Quantitative Real-time Polymerase Chain Reaction

CN validation. Quantitative real-time polymerase chain reaction (qRT-PCR) analysis was performed on DNA samples to validate the CN status of selected genes that were found to be altered using SNP arrays. The corresponding blood samples were used as calibrators. Primers for the genes IGF2, EPHA7, CYP11B2, CTNNB1, and SGK1 were designed using the Ensembl database and the primer BLAST tool (NCBi; Table W1). The SYBR Green kit (qPCR Supermix; Invitrogen, Karlsruhe, Germany), the C1000 Thermal Cycler (CFX96 real-time system; Biorad, Hercules, CA), and the Bio-Rad CFX Manager (Version 2.0) were used. Twenty nanograms of DNA was used in each qRT-PCR, and all samples were run in duplicates. The conditions for amplifications were 95°C for 3 minutes followed by 40 cycles of 95°C for 15 seconds, 62°C for 15 seconds, and 72°C for 15 seconds, followed by melting temperature curve analysis. CNAs were assessed by relative quantification methods, using GAPDH as endogenous reference, and were calculated as follows: 2 x 2[(Dt - DGAPDH) - (Nt - NGAPDH)], where Dt is the mean threshold cycle number for experimental primer in tumor DNA, DGAPDH is the mean threshold cycle number for GAPDH primer in tumor DNA, Nt is the mean threshold cycle number in reference DNA, and NGAPDH is the mean threshold cycle number for GAPDH in reference DNA (modified from Le Bron et al. [33]).

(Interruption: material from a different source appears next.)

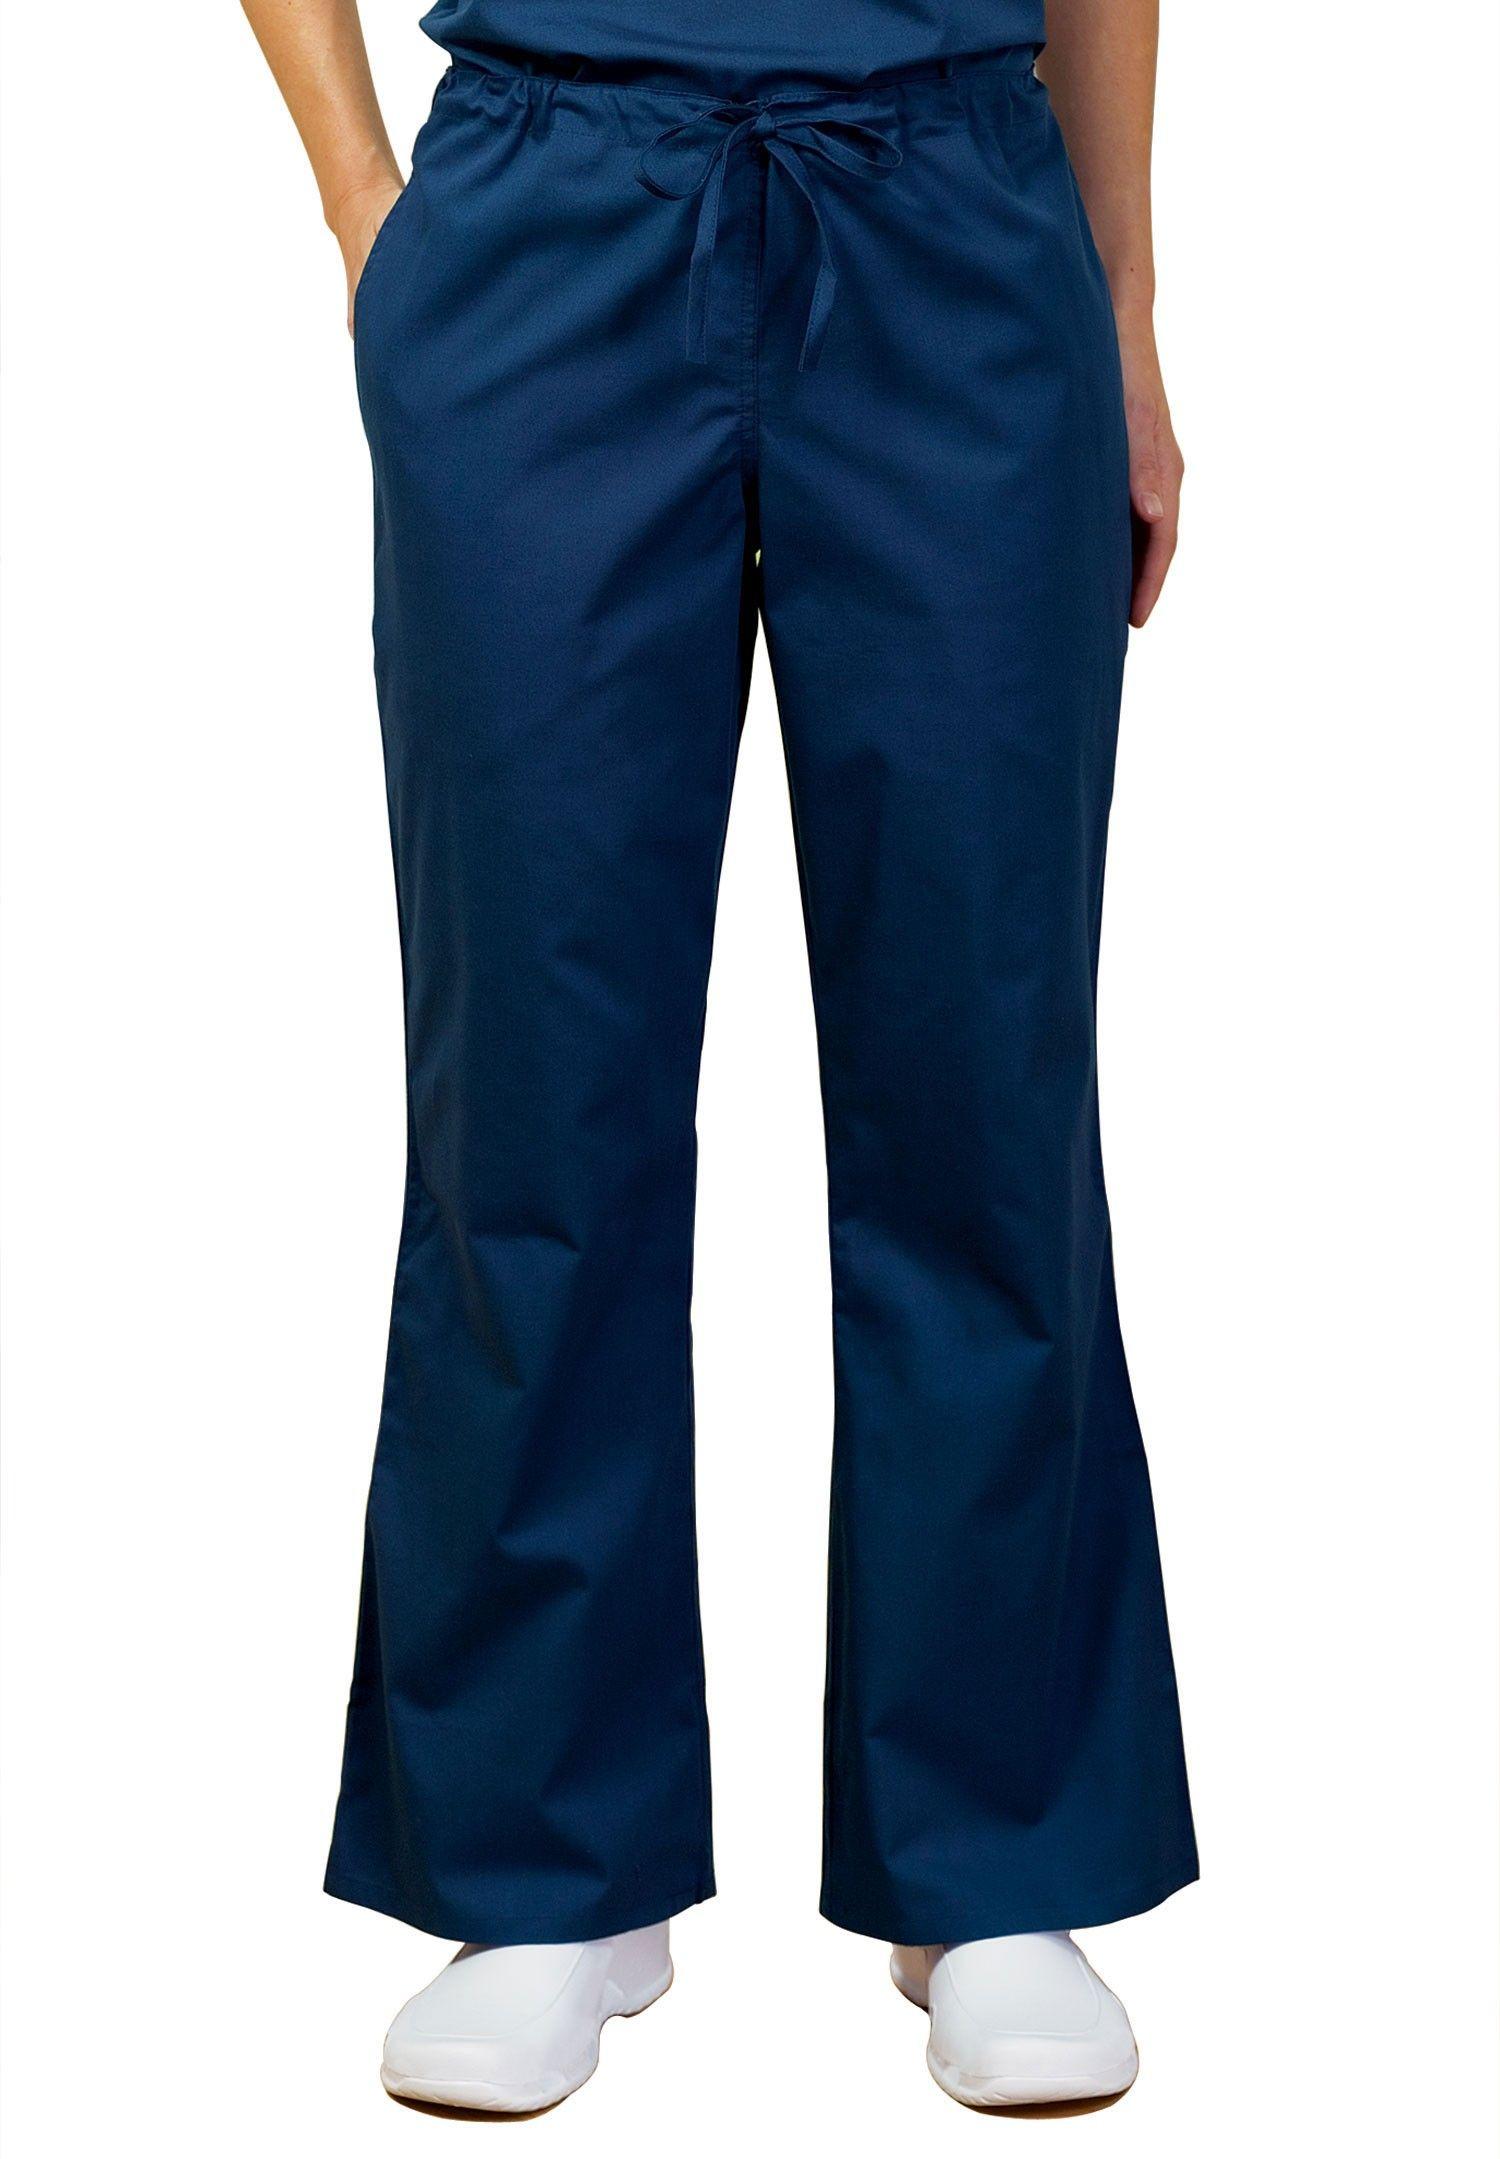 21f4cf3a637 Tafford Essentials Flare Leg Drawstring Scrub Pants | Scrub uniform ...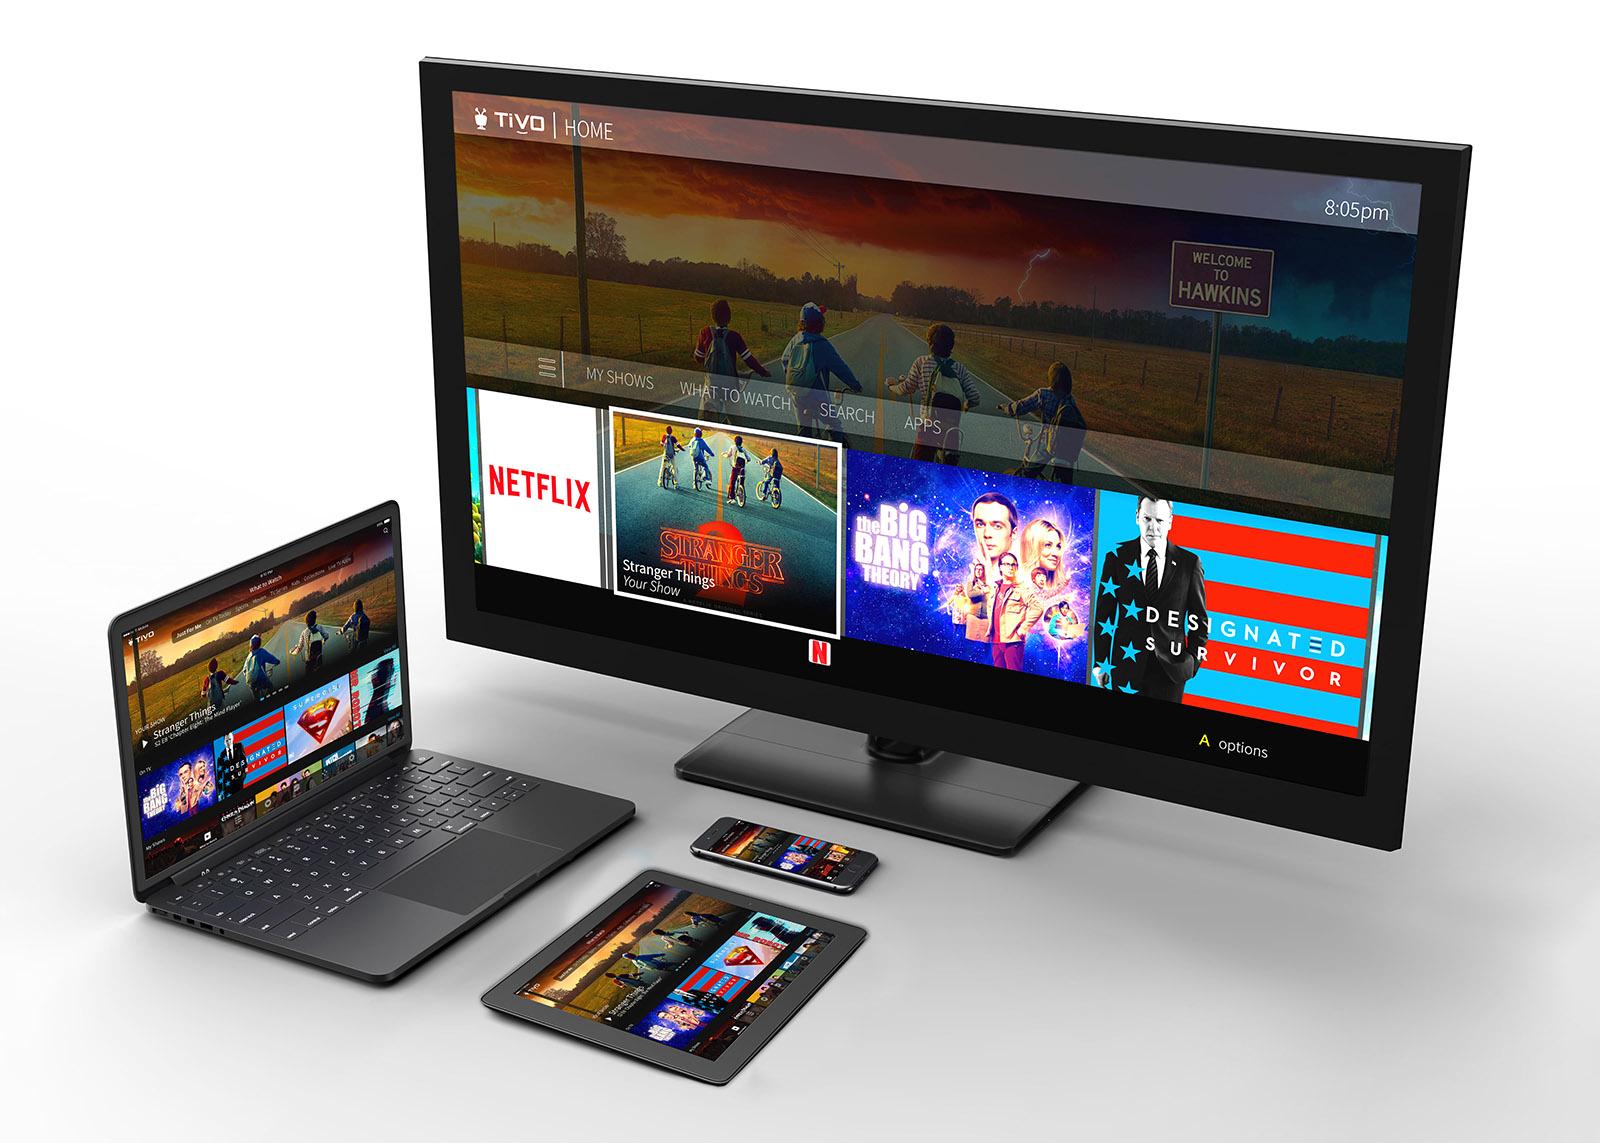 Tivo's new TV platform

Messenger RNA expression. Messenger RNA (mRNA) expression of selected candidate genes was also investigated by qRT-PCR, although the correlation between CNAs and mRNA expression is frequently affected by several confounding factors, including epigenetic alterations, such as methylation and miRNA expression [34], and large interindividual variation due to complex gene-gene regulation events [35]. RNA was isolated from frozen tissue samples using the RNeasy Lipid Tissue Minikit (Qiagen) and was reverse transcribed using the QuantiTect Reverse Transcription Kit (Qiagen). Predesigned TaqMan gene expression assays were purchased from Applied Biosystems (Darmstadt, Germany). Specific probes are given in the Table W1. Endogenously expressed β-actin was used as an internal control. Forty nanograms of cDNA was used for each PCR, and each sample was performed in duplicate. Transcript levels were determined by using the TaqMan Gene Expression Master Mix (Applied Biosystems), the C1000 Thermal Cycler (CFX96 real-time system; Biorad), and the Bio-Rad CFX Manager 2.0 software. Cycling conditions were 95°C for 3 minutes followed by 50 cycles of 95°C for 30 seconds, 60°C for 30 seconds, and 72°C for 30 seconds. Because of the small number of available matched normal adrenal tissues (area surrounding the adenomas), we could not design a threshold for altered expression based on the ratio between tumor and matched surrounding tissues. Using the ΔCT method [36], the gene expression levels were normalized to those of the endogenous control β-actin, which was detected in all samples.

Results

Clinical Data

Our final study cohort included 15 tumor tissues and 15 matched blood samples from patients with cortisol-secreting ACA (10 women and 5 men; mean age at diagnosis, 47.5 ± 12.3 years). Eight patients had subclinical and seven had overt hypercortisolism. The mean diameter of the tumors was 4.2 ± 2.0 cm. Detailed clinical, pathologic, and corresponding genetic characteristics are provided in Table 1.

Table 1.

Summary of Clinical Features and Genetic Alterations Observed by the SNP Microarray Analysis (CNAs and cnLOH) of 15 Patients with Cortisol-Secreting ACA.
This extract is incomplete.